==== DATA SEGMENT

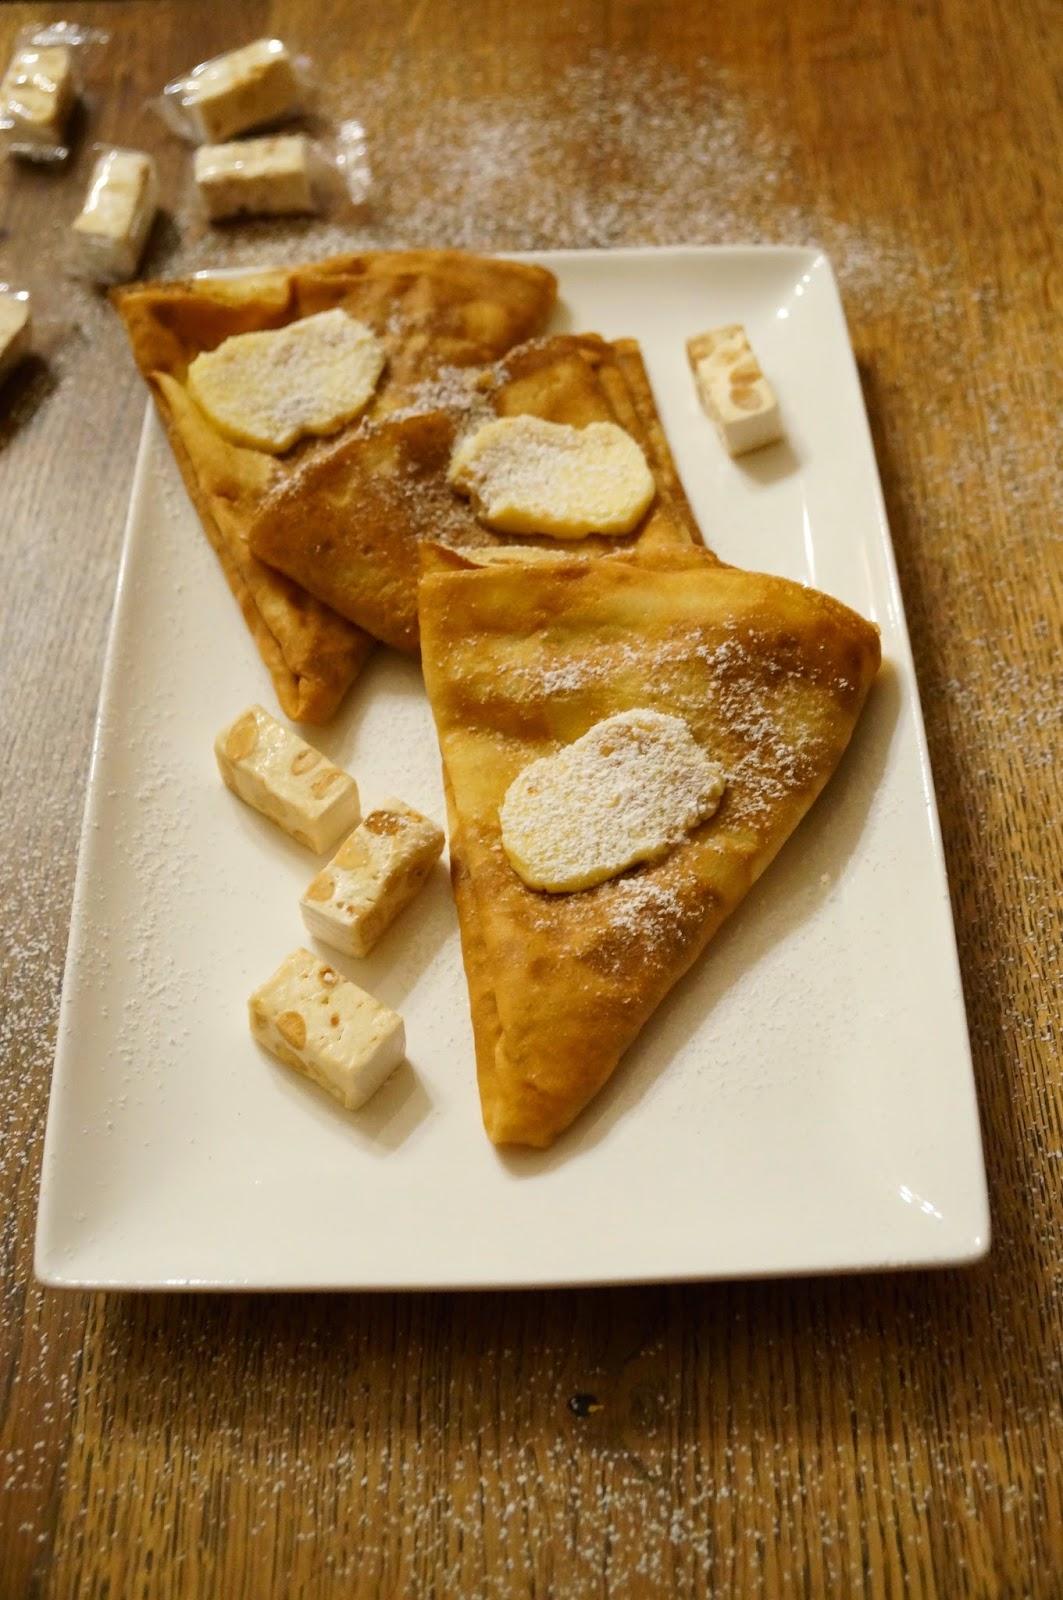 C'est une recette très simple et délicieuse inspirée du livre 100 recettes  de crêpes & gaufres.
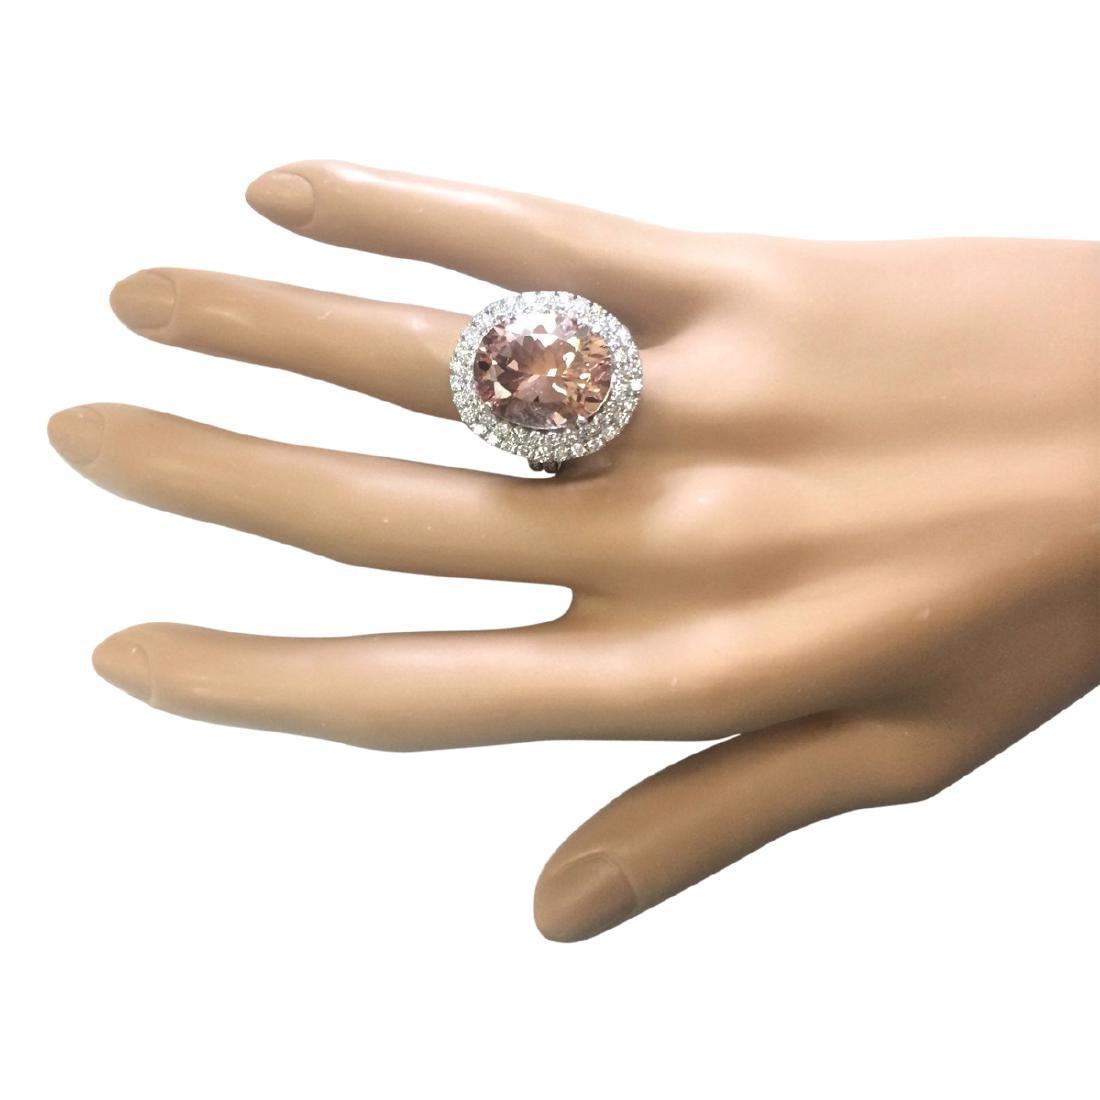 11.53 CTW Natural Morganite And Diamond Ring In 18K - 4
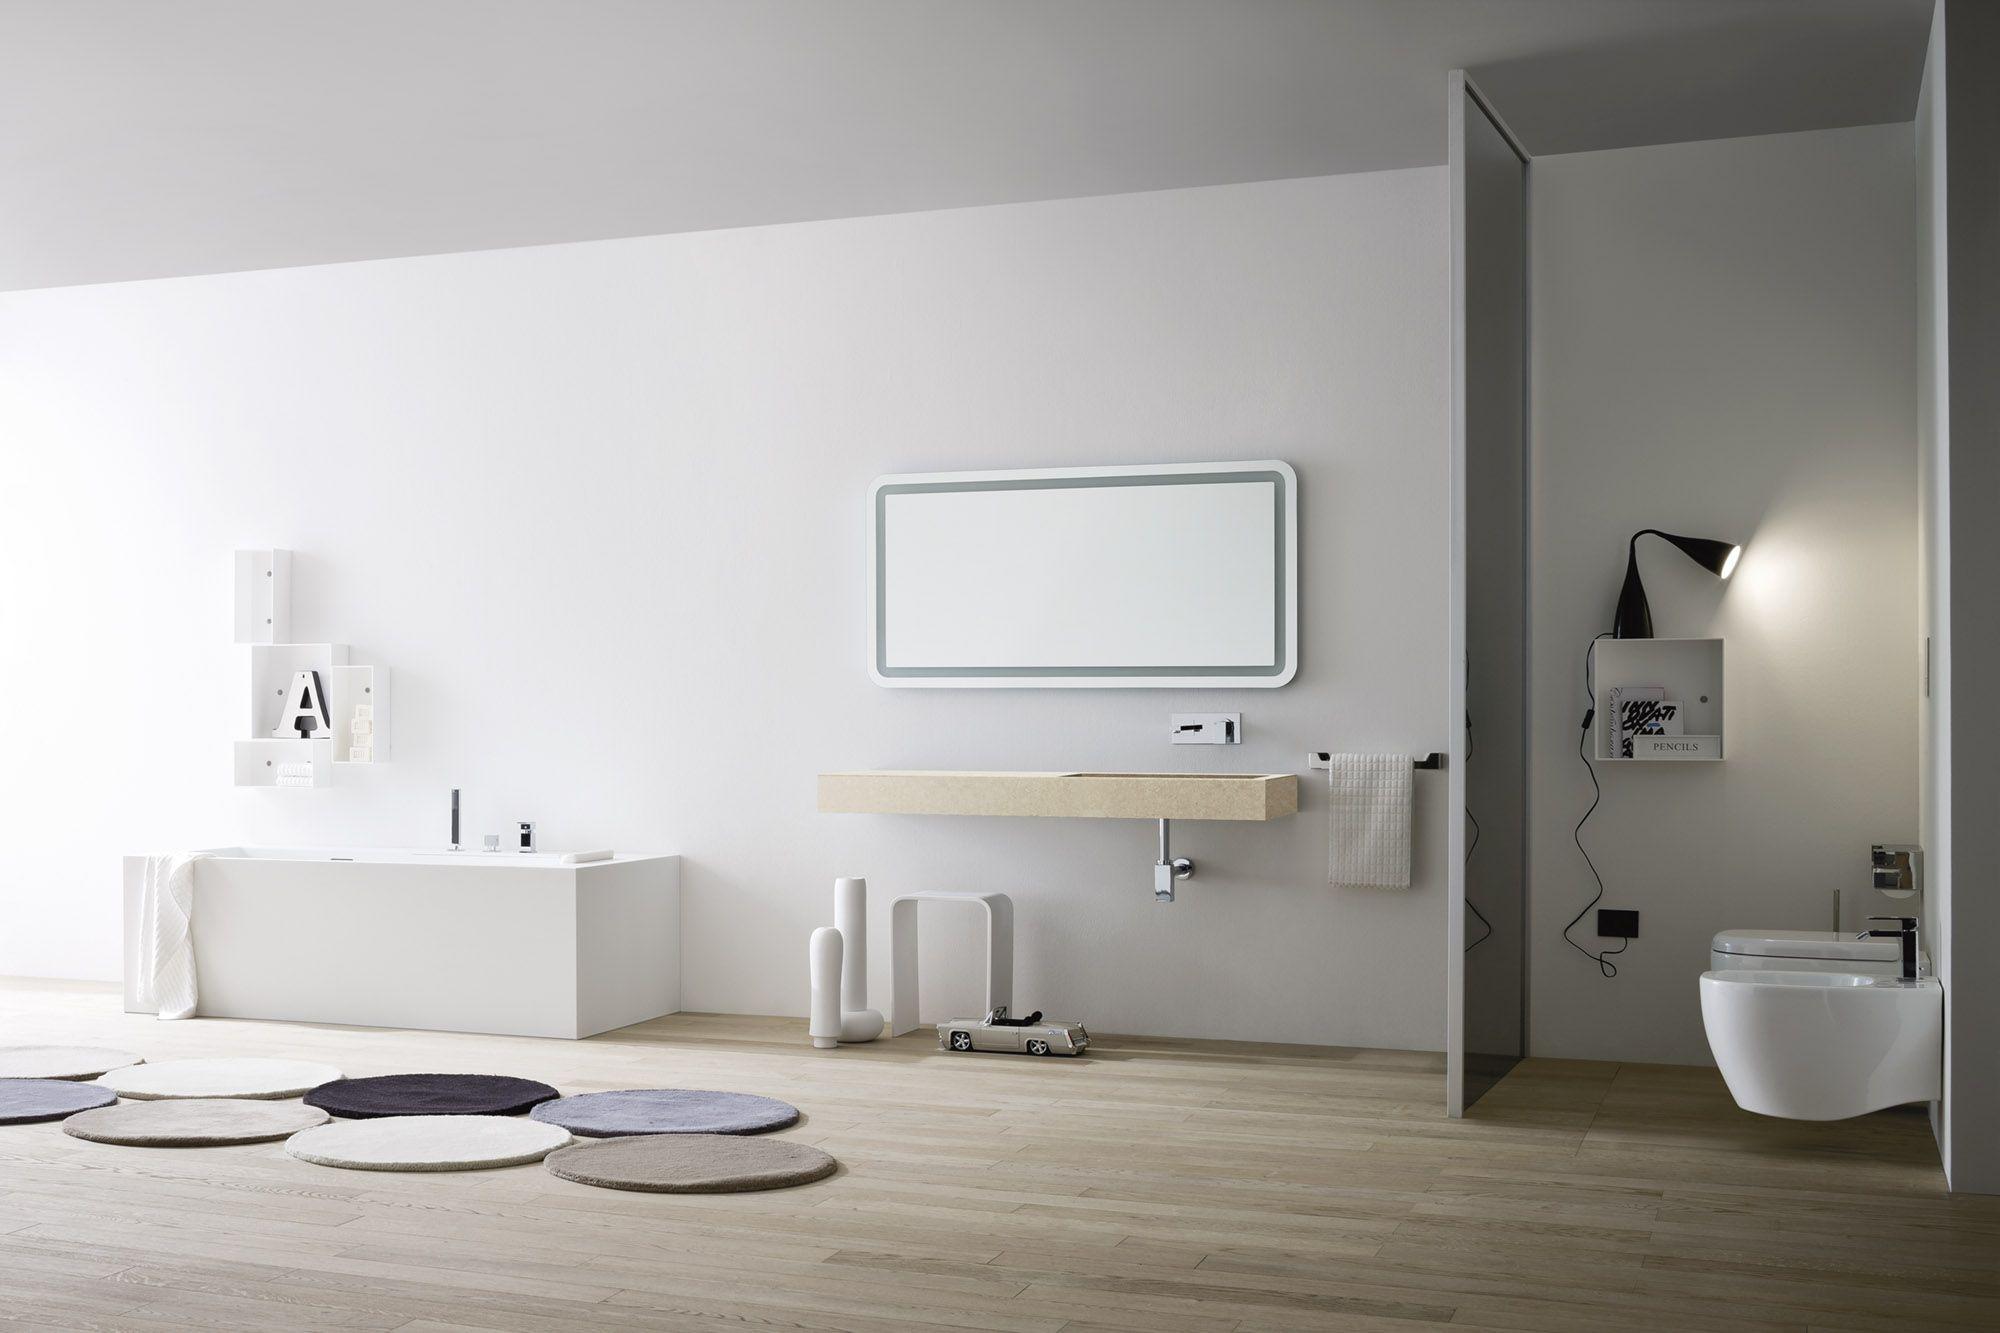 Unico lavabo de piedra by rexa design dise o imago design - Lavabos de piedra ...

========

:: TASK TO COMPLETE ::
Before copying the material, set its pictures aside; then transcribe it word for word.

:: EXERCISE RESPONSE ::
 C'est une recette très simple et délicieuse inspirée du livre 100 recettes  de crêpes & gaufres.
 11.53 CTW Natural Morganite And Diamond Ring In 18K - 4
 Unico lavabo de piedra by rexa design dise o imago design - Lavabos de piedra ...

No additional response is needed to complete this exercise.